В деревне полночь. Спят. Горит одно
окошко в целом доме, но оно
окно сестры. Она читает письма,
потом свеча, взмахнув тенями, гаснет.
“Сорренто! колыбель печальных дней,
где я в ночи, как трепетный Асканий,
бежал, вручив себя волнам на милость…”
Тем временем на небо взгромоздилась
зелёная, как яблоко, звезда —
всю ночь она качается на ветке,
но наш певец не зрит звезды в эфире,
поскольку спит, судьбу в слова вплетая,
и только вологодские коровы,
пригнув рога, бредут на Капитолий.
 

Второе, более позднее и более трагическое стихотворение о Батюшкове, если не ошибаюсь, автор написал уже в процессе работы над книгой. И создал иной образ – не деревенского жителя, воспаряющего в мечтах в золотой век, но выстрадавшего свою судьбу скитальца:

 
с анакреоновой песенкой весело
лишнюю тяжесть за борт,
чтобы таможня харона не взвесила
горестей груз и забот —
дух эолийский горация флакка
вышний хранит волочёк
облако родины – веером флага
чёрная точка-зрачок
 

Надо отметить, что поэзию Глеба Шульпякова населяют многие персонажи русской поэзии, и невозможно было предсказать, что интерес к Батюшкову обернётся пьесой, статьями, публикацией архивных материалов – огромным исследованием, в котором есть и научная точность, и исследовательская основательность, и лично пережитый опыт. И, конечно, поэтическое осмысление личности и судьбы своего героя.

Завораживающе интересны те главы книги, в которых автор прикасается к батюшковской биографии, так сказать, физически, описывая свои поездки по местам, связанным с Лейпцигской битвой народов или годами лечения Батюшкова в Зонненштайне, одной из германских клиник для душевнобольных. Эти впечатления настолько сокращают историческую перспективу, что, кажется, рукой подать до 1813-го и уж тем более до 1828 года. Можно ходить по тем же камням, видеть те же пейзажи. Это ощущение, всегда очень сильное, в книге передано так, что оно может быть легко позаимствовано читателем, стать его собственным.

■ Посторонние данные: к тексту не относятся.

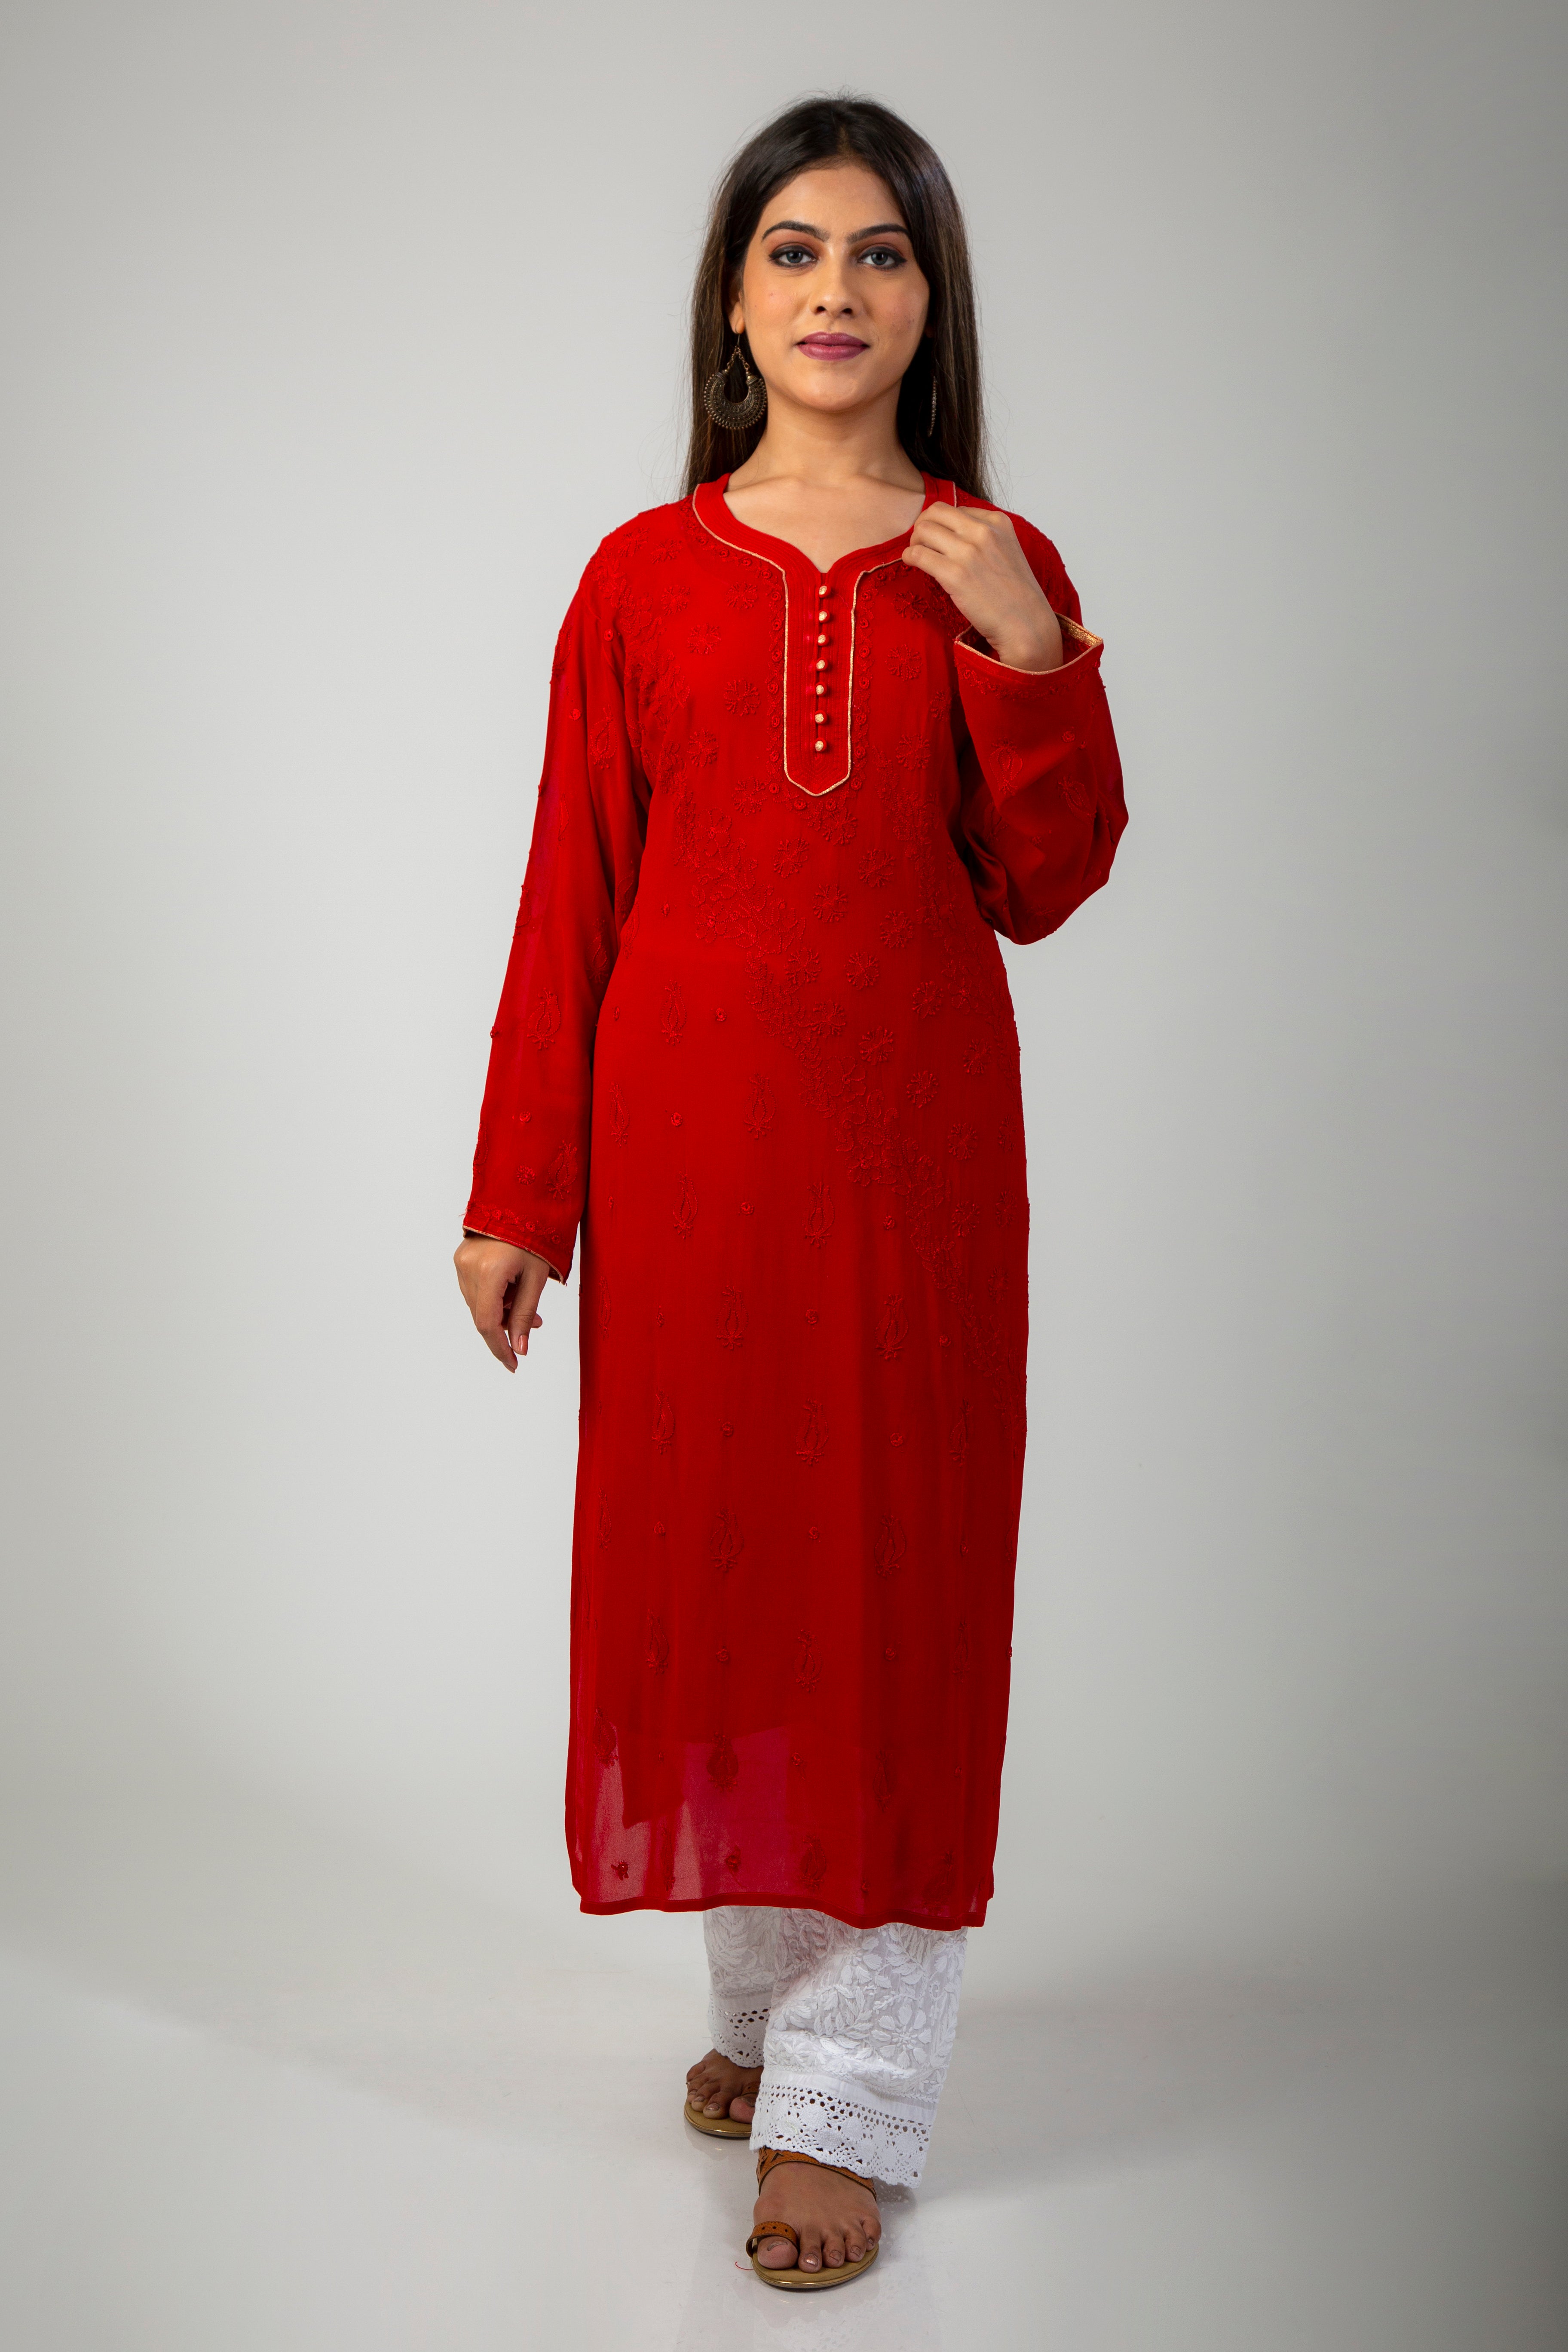 Shop Now for the Red Chikankari Georgette Kurti : Create #AliaBhatt Look  with Jeans | Bollywood fashion, Red kurti, Indian bollywood actress
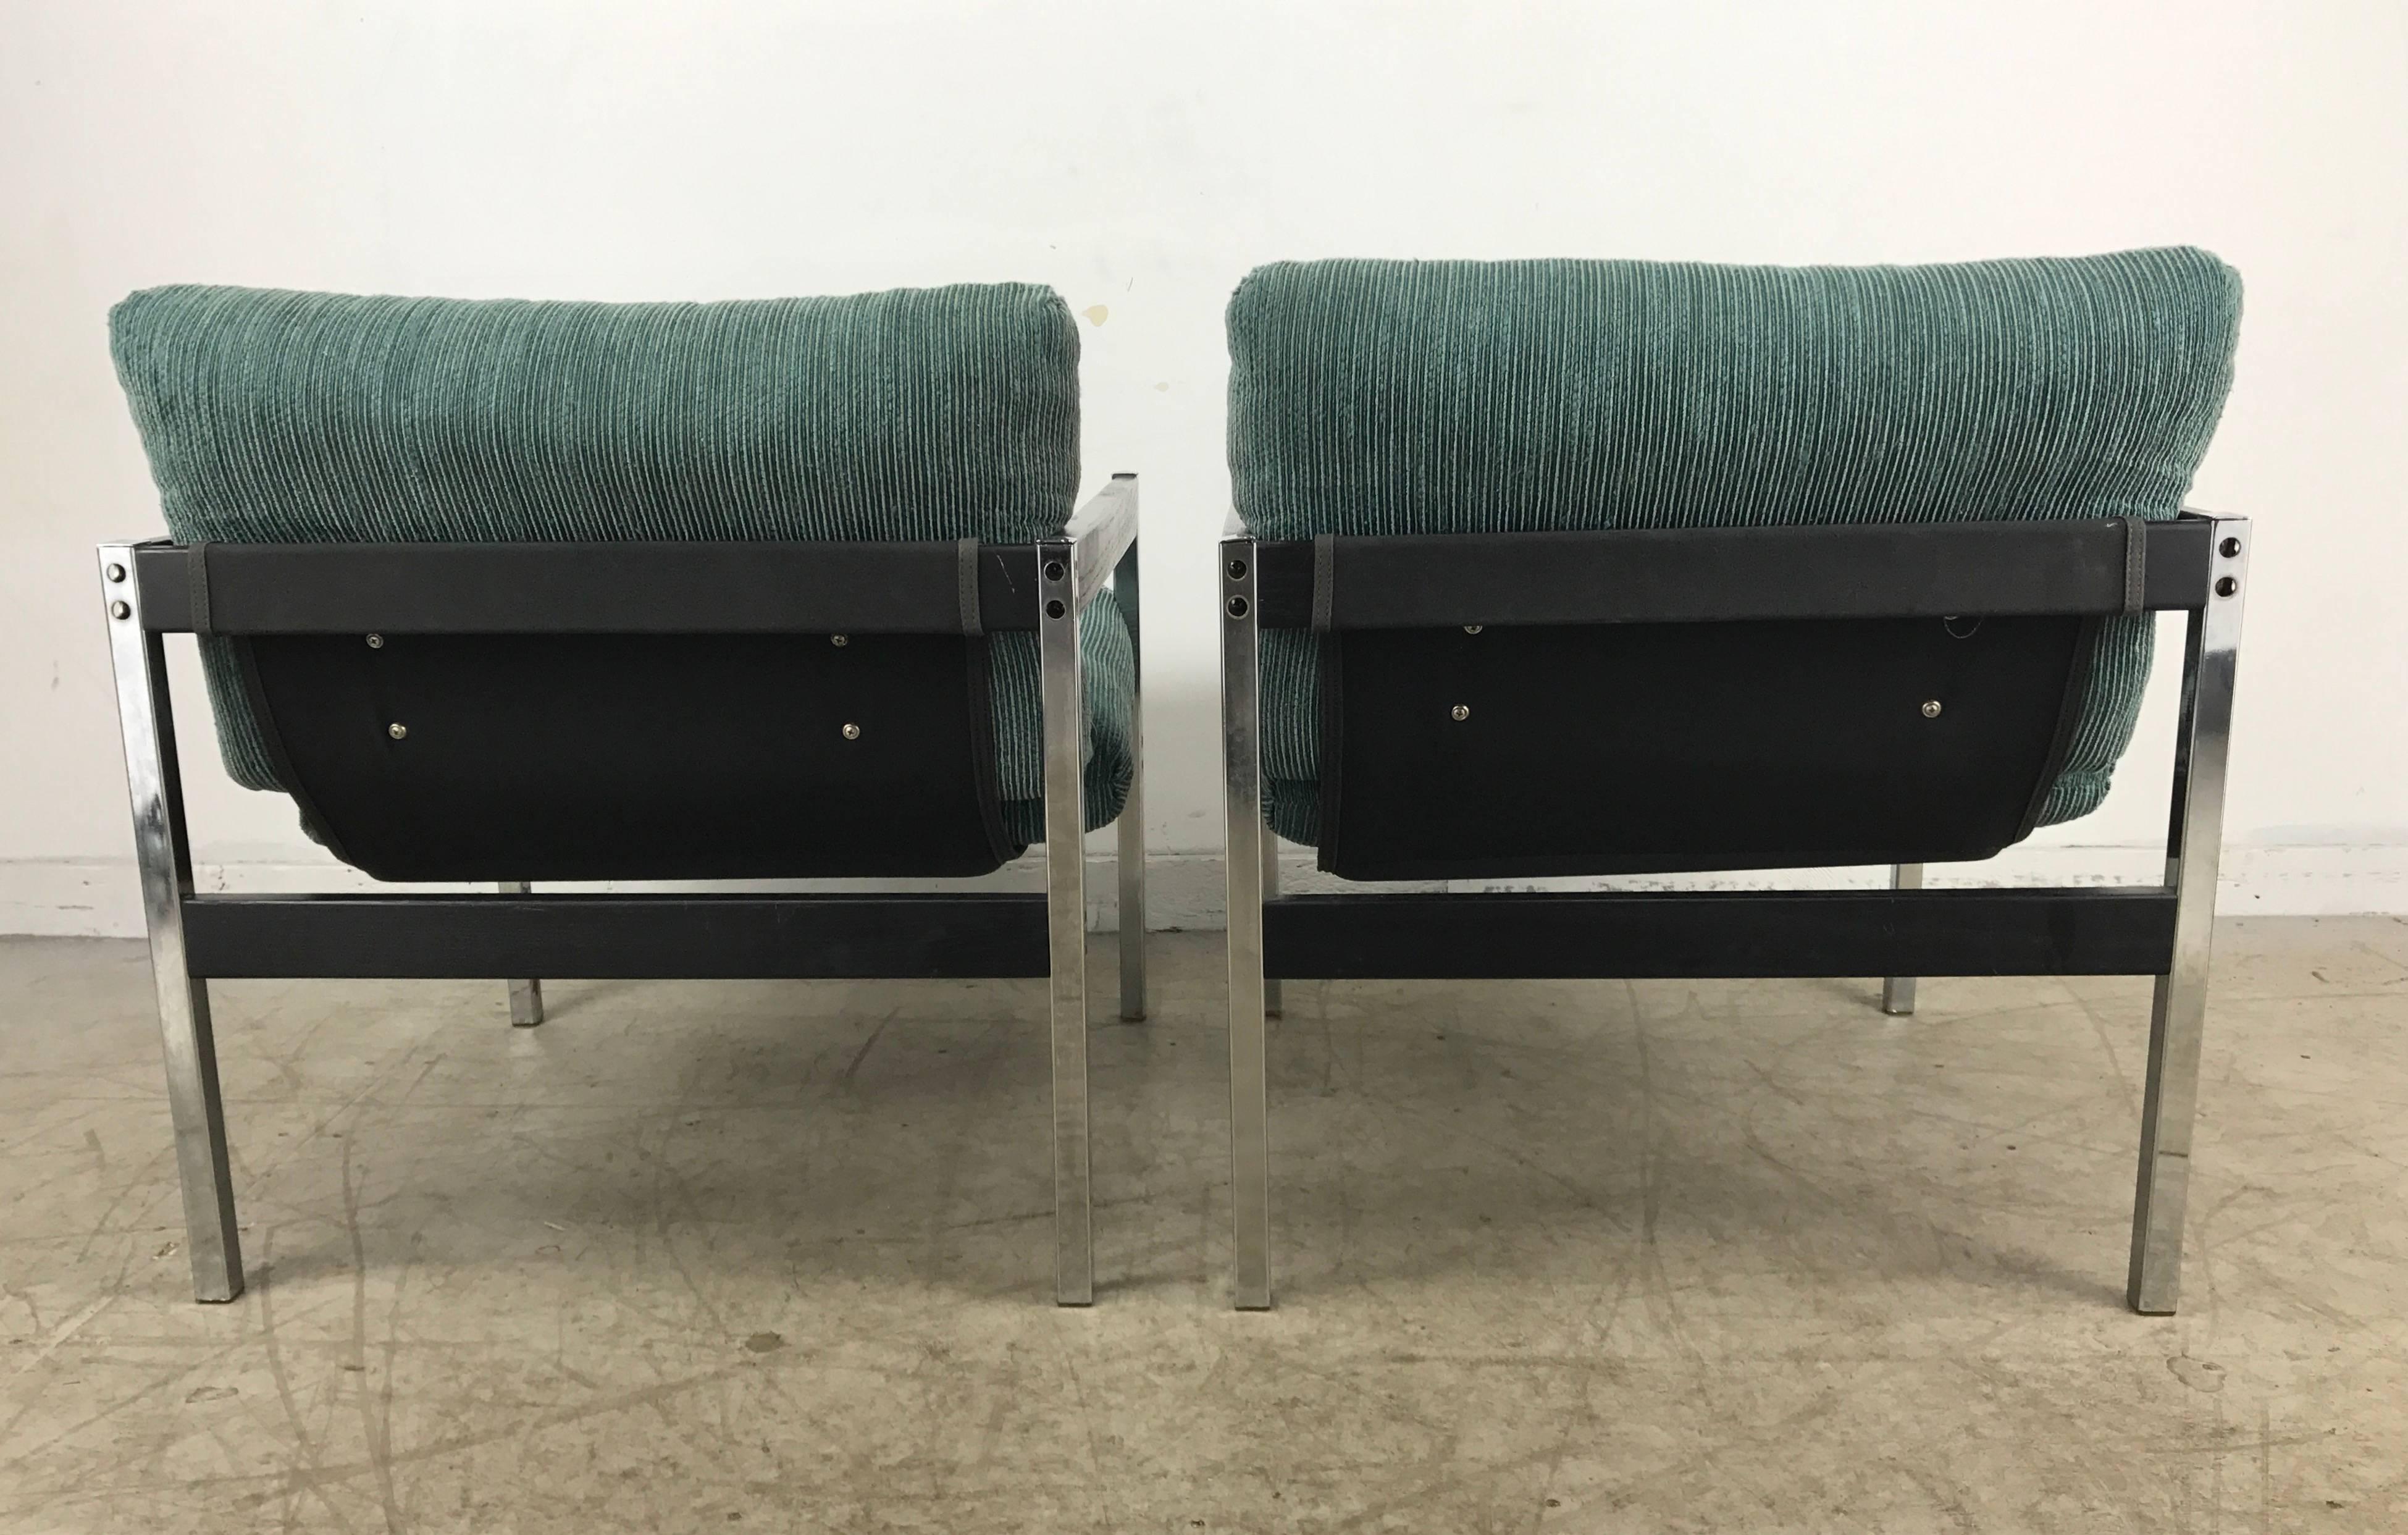 20th Century Pair of Modernist Chrome and Wood Sling Lounge Chairs after Charles Pollock

Перспектива, в конце которой стоит одинокая фигура Батюшкова, в книге всё время расширяется, включая не только события жизни поэта, но и литературный быт и большую историю. В повествование вводятся многочисленные персонажи, родственники и друзья героя, его наставники и благодетели, его сослуживцы, собратья по цеху, военачальники и вельможи, правители и деятели эпохи, мелькают разные страны, расстилается подробная географическая карта перемещений и странствий Батюшкова по России и Европе. Автор добивается многомерности центрального образа, создает ощущение живой жизни, даёт возможность почувствовать вкус времени.

Традиция, в которую Шульпяков встраивает свою книгу, понятна. Как писал Н.Я. Эйдельман о новорождённом С.И. Муравьёве-Апостоле, “мальчик едва взглянул на мир – и уж попал в омут календарей, религий, имён, мнений, которым вместе тесновато”. Это, конечно, тот же метод – тесноты биографического ряда, метод проверенный и очень плодотворный, требующий от автора огромной эрудиции и широты взгляда. И если ни один писатель не может создать из александровской эпохи “3D-модель”, то во всяком случае можно попытаться не оставлять Батюшкова в одиночестве его деревенского затворничества.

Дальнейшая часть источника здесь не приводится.